• The input:

□ □ □ □

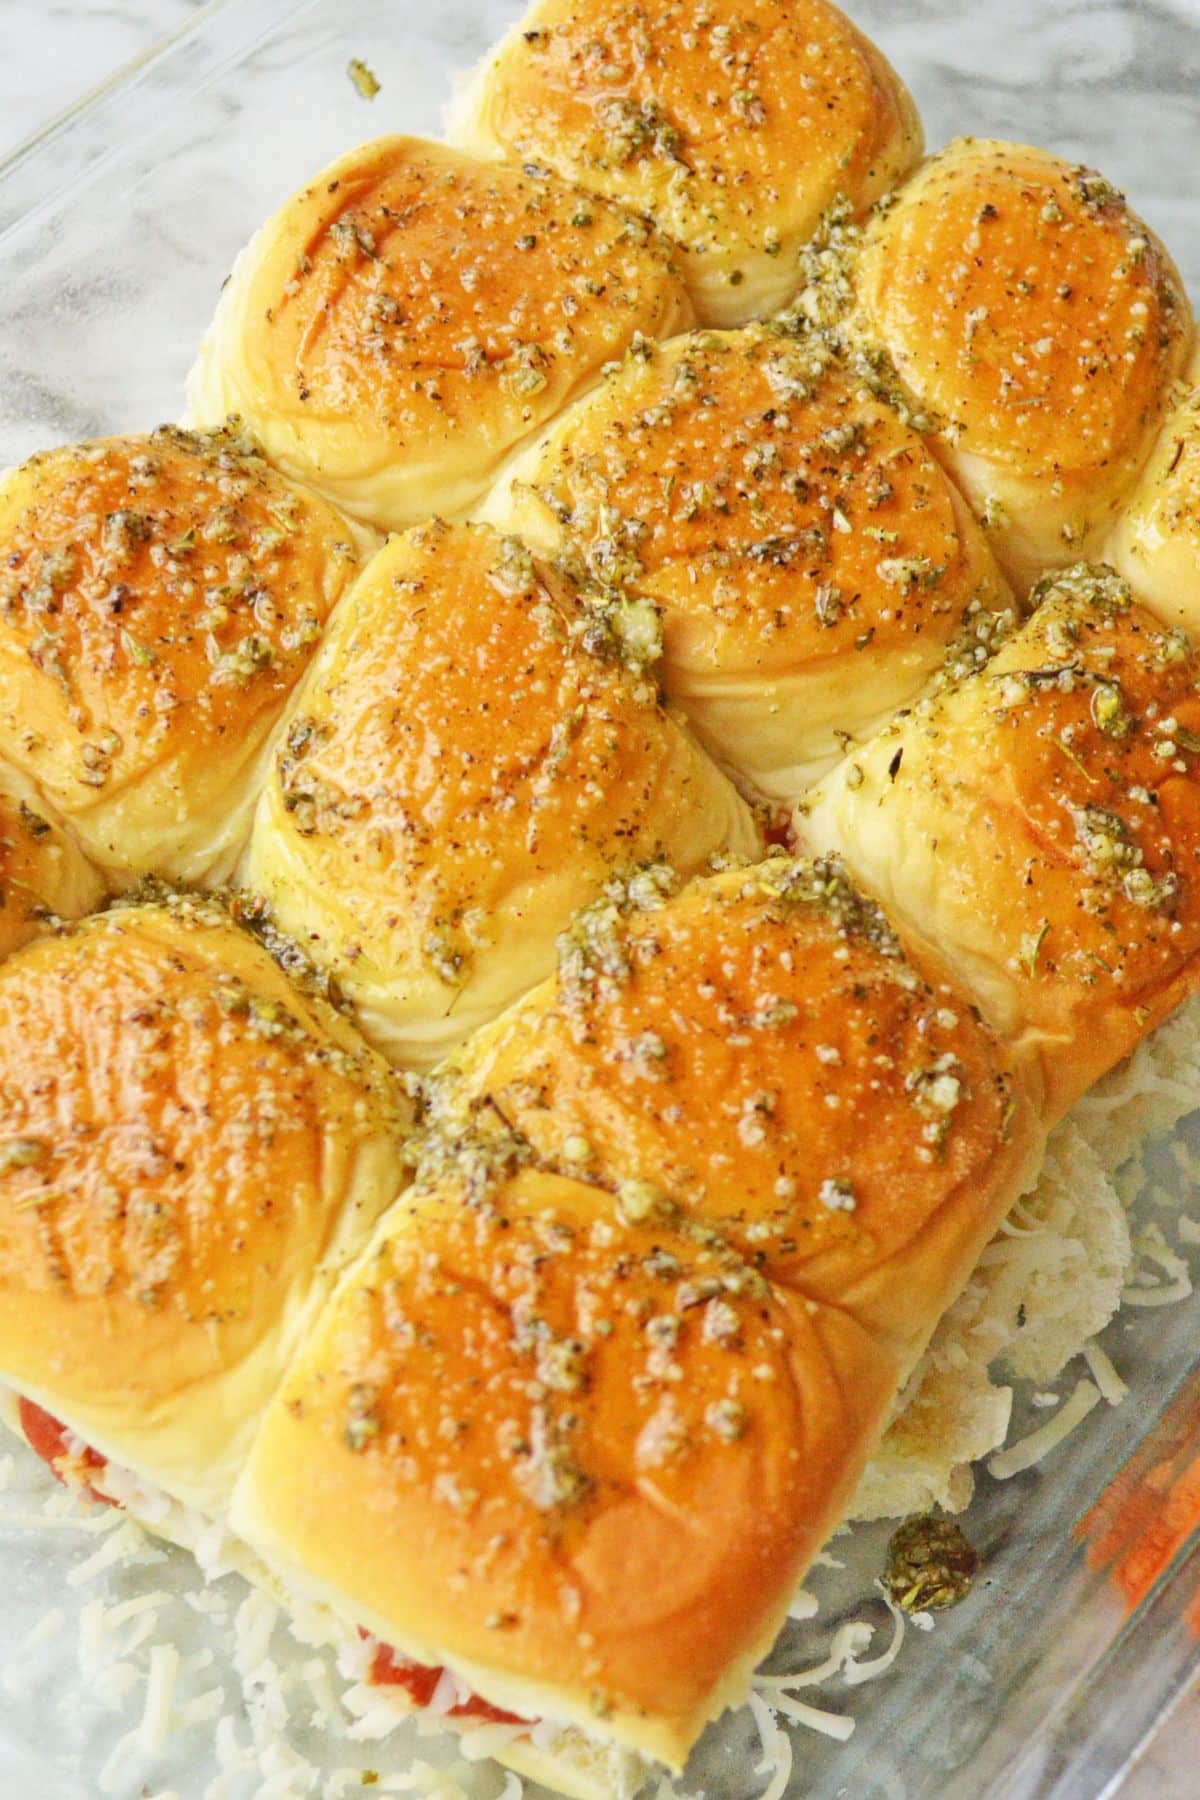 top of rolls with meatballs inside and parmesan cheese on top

□ □ □ □

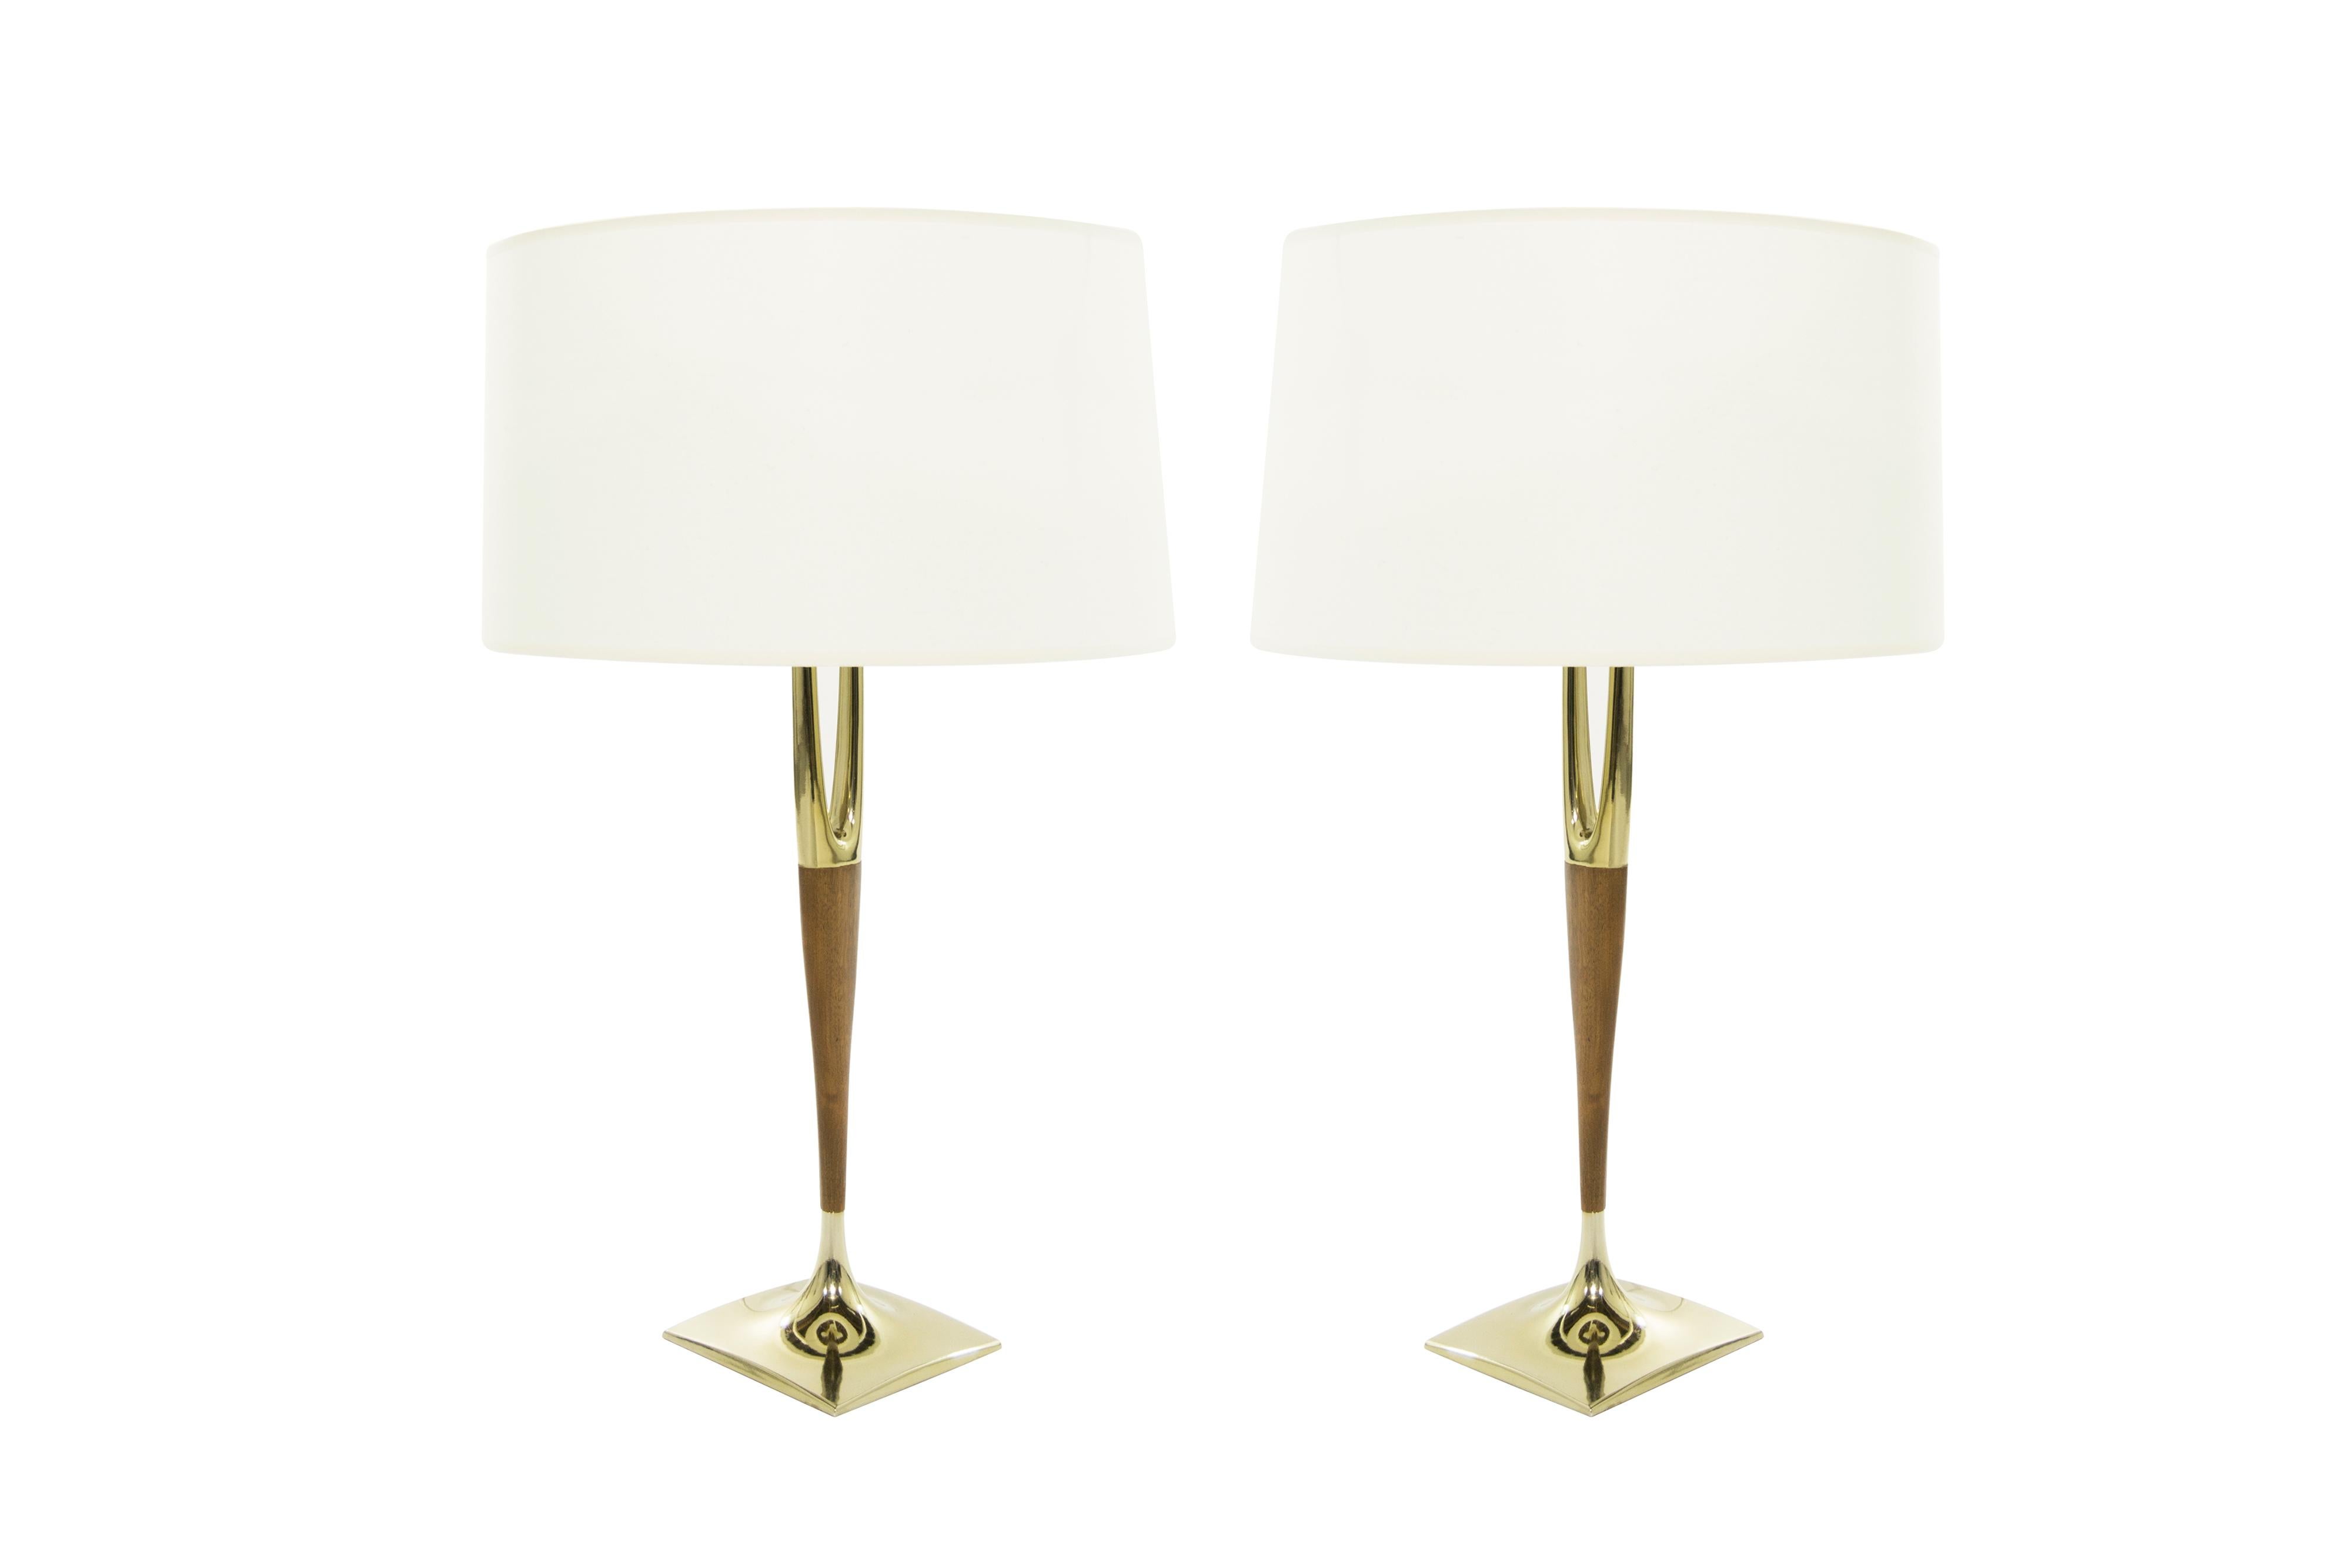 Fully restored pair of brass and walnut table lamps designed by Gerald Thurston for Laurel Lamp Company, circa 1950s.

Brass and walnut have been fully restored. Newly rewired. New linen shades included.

□ □ □ □

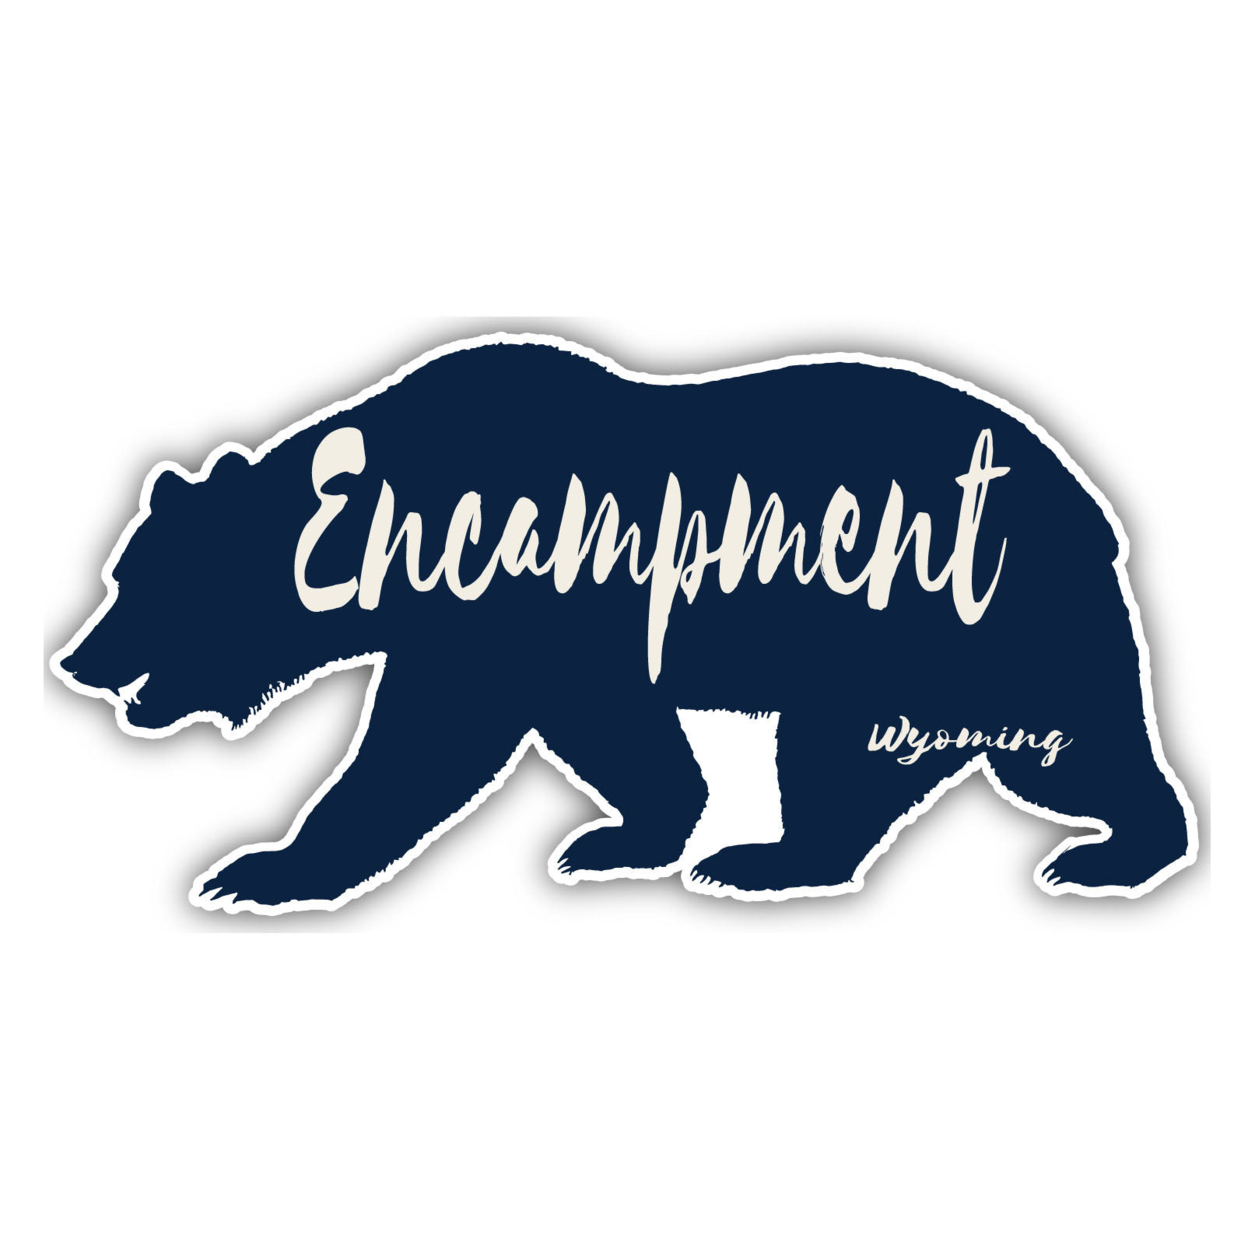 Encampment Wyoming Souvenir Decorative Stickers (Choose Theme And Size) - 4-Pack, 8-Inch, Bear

□ □ □ □

Leaving out all pictures, set down exactly the lines of the material above, from the line with "Fully restored pair" to the line with "Brass and walnut have" inclusive, and no others.

 Fully restored pair of brass and walnut table lamps designed by Gerald Thurston for Laurel Lamp Company, circa 1950s.

Brass and walnut have been fully restored. Newly rewired. New linen shades included.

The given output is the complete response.